Showing 5 changed files with 380 additions and 6 deletions.
diff --git a/tfjs-converter/python/tensorflowjs/converters/BUILD.bazel b/tfjs-converter/python/tensorflowjs/converters/BUILD.bazel
@@ -27,6 +27,13 @@ py_library(
     deps = ["//tfjs-converter/python/tensorflowjs:version"],
 )
 
+py_library(
+    name = "tf_module_mapper",
+    srcs = ["tf_module_mapper.py"],
+    srcs_version = "PY3",
+    deps = [],
+)
+
 py_library(
     name = "keras_h5_conversion",
     srcs = ["keras_h5_conversion.py"],
@@ -74,6 +81,7 @@ py_test(
     deps = [
         ":keras_h5_conversion",
         ":keras_tfjs_loader",
+        ":tf_module_mapper",
         "//tfjs-converter/python/tensorflowjs:expect_numpy_installed",
         "//tfjs-converter/python/tensorflowjs:expect_tensorflow_installed",
     ],
@@ -272,6 +280,7 @@ py_binary(
         ":common",
         ":keras_h5_conversion",
         ":keras_tfjs_loader",
+        ":tf_module_mapper",
         ":tf_saved_model_conversion_v2",
         "//tfjs-converter/python/tensorflowjs:expect_h5py_installed",
         "//tfjs-converter/python/tensorflowjs:expect_tensorflow_installed",

diff --git a/tfjs-converter/python/tensorflowjs/converters/common.py b/tfjs-converter/python/tensorflowjs/converters/common.py
@@ -40,6 +40,7 @@
 # Model formats.
 KERAS_SAVED_MODEL = 'keras_saved_model'
 KERAS_MODEL = 'keras'
+KERAS_KERAS_MODEL = 'keras_keras'
 TF_SAVED_MODEL = 'tf_saved_model'
 TF_HUB_MODEL = 'tf_hub'
 TFJS_GRAPH_MODEL = 'tfjs_graph_model'

diff --git a/tfjs-converter/python/tensorflowjs/converters/converter.py b/tfjs-converter/python/tensorflowjs/converters/converter.py
@@ -35,6 +35,7 @@
 from tensorflowjs.converters import keras_h5_conversion as conversion
 from tensorflowjs.converters import keras_tfjs_loader
 from tensorflowjs.converters import tf_saved_model_conversion_v2
+from zipfile import ZipFile, is_zipfile
 
 
 def dispatch_keras_h5_to_tfjs_layers_model_conversion(
@@ -100,6 +101,88 @@ def dispatch_keras_h5_to_tfjs_layers_model_conversion(
 
   return model_json, groups
 
+def dispatch_keras_keras_to_tfjs_layers_model_conversion(
+    v3_path,
+    output_dir=None,
+    quantization_dtype_map=None,
+    split_weights_by_layer=False,
+    weight_shard_size_bytes=1024 * 1024 * 4,
+    metadata=None,
+):
+  """Converts a Keras v3 .keras file to TensorFlow.js format.
+
+  Args:
+    v3_path: path to an .keras file containing keras model data as a `str`.

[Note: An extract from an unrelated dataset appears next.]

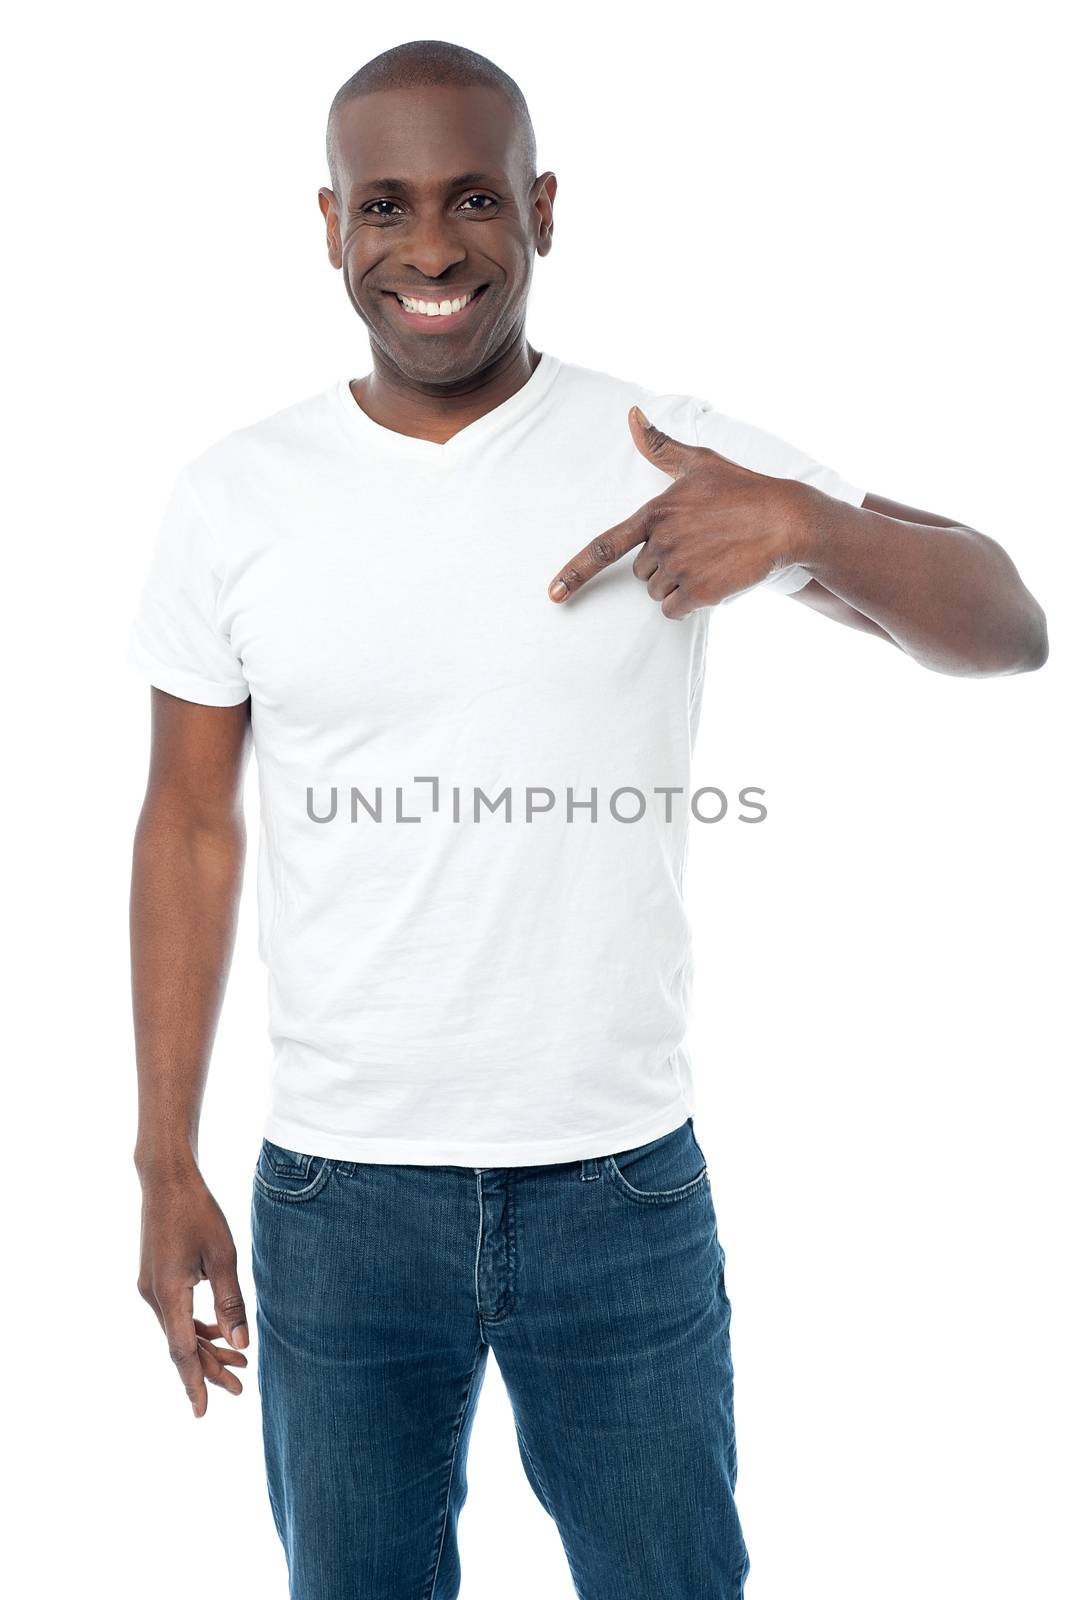 Middle aged man pointing his fingers on a blank t-shirt

+    output_dir: Output directory to which the TensorFlow.js-format model JSON
+      file and weights files will be written. If the directory does not exist,
+      it will be created.
+    quantization_dtype_map: A mapping from dtype (`uint8`, `uint16`, `float16`)
+      to weights. The weight mapping supports wildcard substitution.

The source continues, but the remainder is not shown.